In the other room, through the door, almost thankfully, I started to hear the soft chatter of Ghoul meowing and lecturing in the dead in the darkness. Tabitha was clinking tiles together in the other room in some new form of creation. It was so quiet there, I could almost hear her breathing.
That red nose above me like a pestering cloud, I couldn’t sleep. So I opened my journal and began to write:
For Tabitha…
The smoke you exude
The gates to your castle,
The stones around you
Your silver hair
A goddess of something,
Both old and new
In the deep wood, in the tall mountains
Beyond the edge of memory
And the wall of reality.
You build your world stone by stone,
And reforge the path of life
Into the midst of your smoke
A ghoul of life,
Chattering your bones
Frozen in hatred of what was
And what you once created.
We are the haunted memory
Of what we peeled away from.
Your castle keeping all things out
And imprisoning yourself away.
Death is the clown that
Can batter down your doors.
I sipped my budweiser and listened as the tiles clicked and clacked and the cat spoke into the deep dark beyond. I closed my eyes and became the darkness, Ghoul’s voice the malaise of the evening.
Then the tiles stopped clicking. For a while there was silence…bone chilling silence that made my ears hum in anxiety.
There was a knock on my door. I shuttered and spilled my beer on my lap. Cold and awoken with fright. Even the cat’s yawp offered no silence at the soft knocking. I opened the door, and before me was the pale white face of Tabitha. She was completely nude, pale as snow and silver in the dark room. Her breasts were large and white, there seemed not a growth of hair on her body from the neck down. When I say she was moonlit corporeal, I mean it.She was the freshly dead, white as swan feathers and luminously beautiful. I became her lunatic instantly and thirty or fifty, her age did not matter as I felt her cold, pale beauty radiate like glacial winds before me. It was the most overcoming feeling of lost and vacancy I had ever felt. The beauty of her somehow lifeless naked body and her soft curves.

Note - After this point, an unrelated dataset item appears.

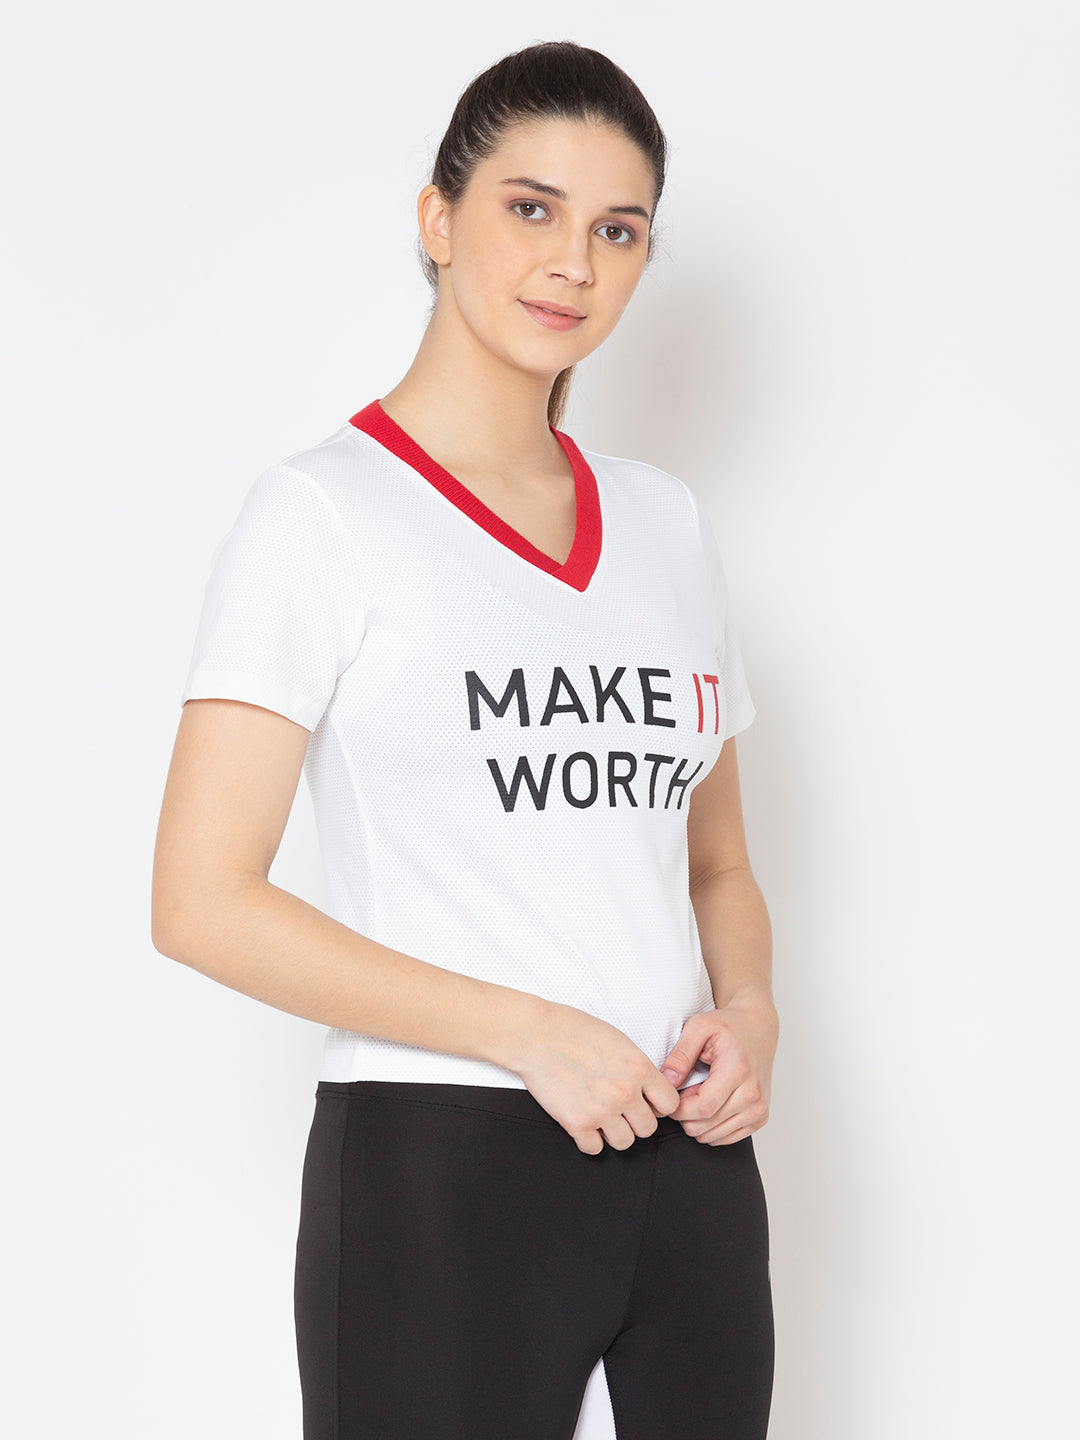 Combo of two Make it Worth T-shirts – White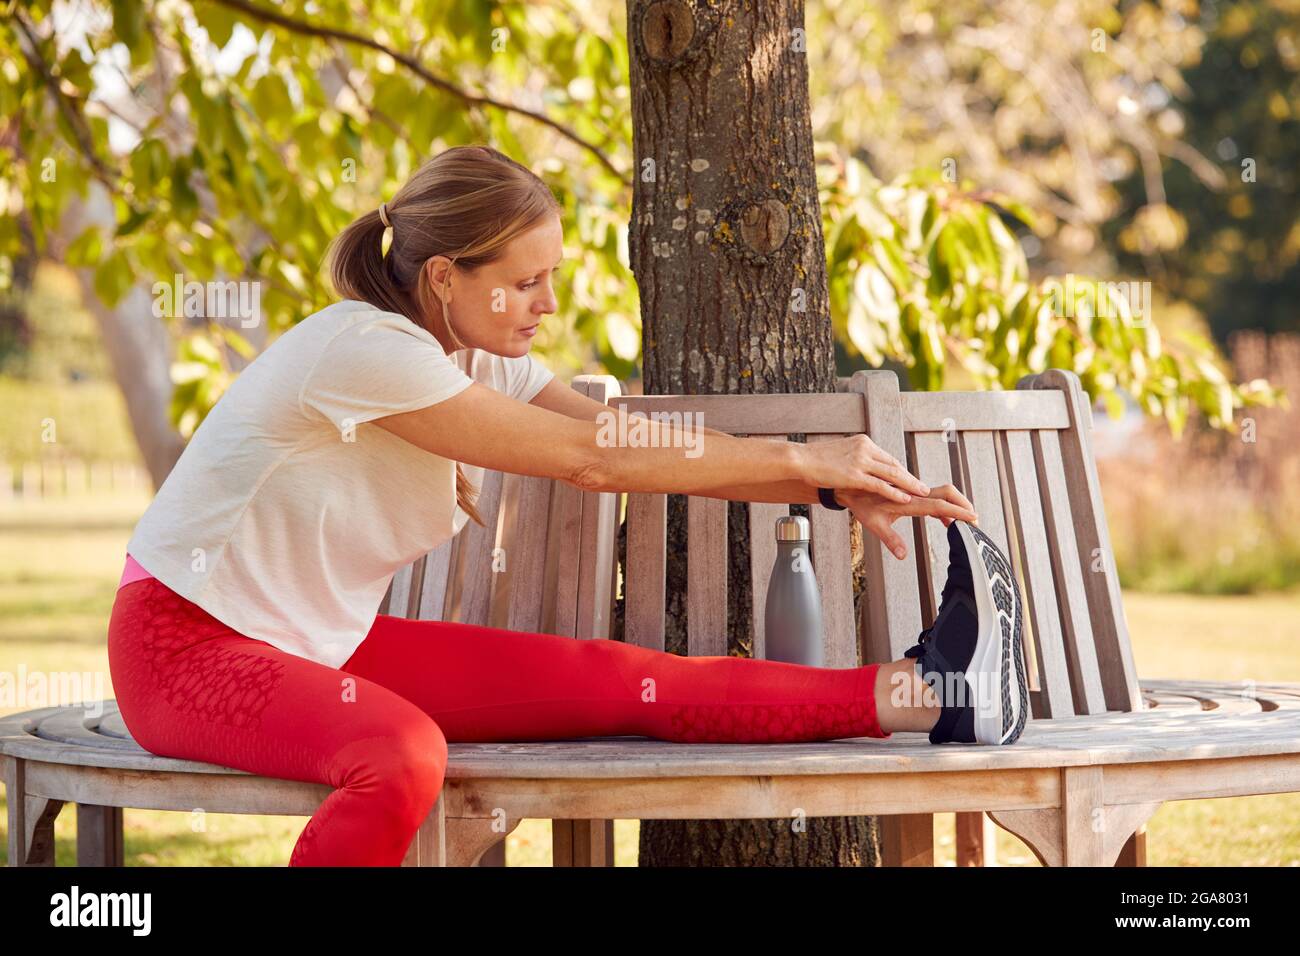 Women Tagged style:Leggings - Bench

Tabitha’s eyes were closed and she was sleep-walking for what I could tell.
Her hand was on the cold drops of beer I had spilled and suddenly, I felt her cold through my pants and underwear.
“Tabitha,” I looked into the closed lids, “Tabitha, arise.” I said.
Slowly, her blue eyes opened at me. They shuttered to life, and Tabitha, this pale ghost of beauty turned from my door, followed by her cat, and went into her bedroom.
I closed the door in confusion and looked at the darkness which swallowed the room whole.